## Assigned task
Below is a block of entries; repeat exactly the lines starting at the line that contains "<p>Kommentare des Künstlers<br>Der" and ending at the line that contains "Кровать Okaeri 2 — 90x190 см. из ясеня", both included.

Dataset entries section start

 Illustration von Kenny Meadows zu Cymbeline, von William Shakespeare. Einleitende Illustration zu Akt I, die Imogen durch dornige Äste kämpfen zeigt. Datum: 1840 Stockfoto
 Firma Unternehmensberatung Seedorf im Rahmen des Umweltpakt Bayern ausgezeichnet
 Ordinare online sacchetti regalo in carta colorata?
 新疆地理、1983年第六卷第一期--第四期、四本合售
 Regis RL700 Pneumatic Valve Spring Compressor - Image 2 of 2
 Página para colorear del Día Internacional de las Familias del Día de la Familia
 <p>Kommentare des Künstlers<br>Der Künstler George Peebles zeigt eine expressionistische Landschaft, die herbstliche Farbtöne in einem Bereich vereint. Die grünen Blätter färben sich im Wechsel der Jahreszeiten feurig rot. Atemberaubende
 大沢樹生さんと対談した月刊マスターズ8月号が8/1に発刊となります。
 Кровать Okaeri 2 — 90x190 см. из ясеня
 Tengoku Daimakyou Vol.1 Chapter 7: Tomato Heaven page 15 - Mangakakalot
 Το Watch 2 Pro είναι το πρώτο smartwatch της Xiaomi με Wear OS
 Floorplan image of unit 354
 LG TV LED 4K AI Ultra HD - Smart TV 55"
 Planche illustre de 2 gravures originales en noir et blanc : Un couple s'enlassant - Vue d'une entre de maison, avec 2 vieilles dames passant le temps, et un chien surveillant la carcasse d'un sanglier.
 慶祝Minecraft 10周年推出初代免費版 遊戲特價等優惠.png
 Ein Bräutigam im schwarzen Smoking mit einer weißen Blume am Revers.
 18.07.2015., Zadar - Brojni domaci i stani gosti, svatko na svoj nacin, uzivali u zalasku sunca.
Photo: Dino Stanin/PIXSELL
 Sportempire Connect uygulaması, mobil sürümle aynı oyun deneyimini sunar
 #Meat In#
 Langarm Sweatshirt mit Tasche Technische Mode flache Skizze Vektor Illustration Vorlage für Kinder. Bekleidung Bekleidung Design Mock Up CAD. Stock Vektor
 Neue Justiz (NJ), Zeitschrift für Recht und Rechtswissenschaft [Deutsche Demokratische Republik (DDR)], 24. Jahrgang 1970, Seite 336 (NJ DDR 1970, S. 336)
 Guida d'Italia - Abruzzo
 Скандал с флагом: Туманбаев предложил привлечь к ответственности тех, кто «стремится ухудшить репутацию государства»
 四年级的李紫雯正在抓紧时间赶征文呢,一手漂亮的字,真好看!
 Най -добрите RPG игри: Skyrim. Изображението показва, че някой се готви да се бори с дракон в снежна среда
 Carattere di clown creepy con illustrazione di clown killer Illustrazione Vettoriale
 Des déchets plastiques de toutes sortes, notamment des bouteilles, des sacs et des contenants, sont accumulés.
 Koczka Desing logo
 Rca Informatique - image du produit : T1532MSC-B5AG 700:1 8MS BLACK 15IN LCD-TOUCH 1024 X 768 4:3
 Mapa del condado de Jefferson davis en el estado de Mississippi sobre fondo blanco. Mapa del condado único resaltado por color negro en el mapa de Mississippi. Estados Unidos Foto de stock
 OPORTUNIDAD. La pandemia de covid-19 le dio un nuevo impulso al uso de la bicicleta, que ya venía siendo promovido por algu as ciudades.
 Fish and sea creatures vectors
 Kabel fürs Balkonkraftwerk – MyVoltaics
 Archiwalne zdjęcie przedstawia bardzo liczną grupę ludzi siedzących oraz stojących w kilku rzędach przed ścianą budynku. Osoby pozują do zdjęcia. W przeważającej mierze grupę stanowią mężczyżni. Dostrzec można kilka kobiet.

Dataset entries section end

## Written response
 <p>Kommentare des Künstlers<br>Der Künstler George Peebles zeigt eine expressionistische Landschaft, die herbstliche Farbtöne in einem Bereich vereint. Die grünen Blätter färben sich im Wechsel der Jahreszeiten feurig rot. Atemberaubende
 大沢樹生さんと対談した月刊マスターズ8月号が8/1に発刊となります。
 Кровать Okaeri 2 — 90x190 см. из ясеня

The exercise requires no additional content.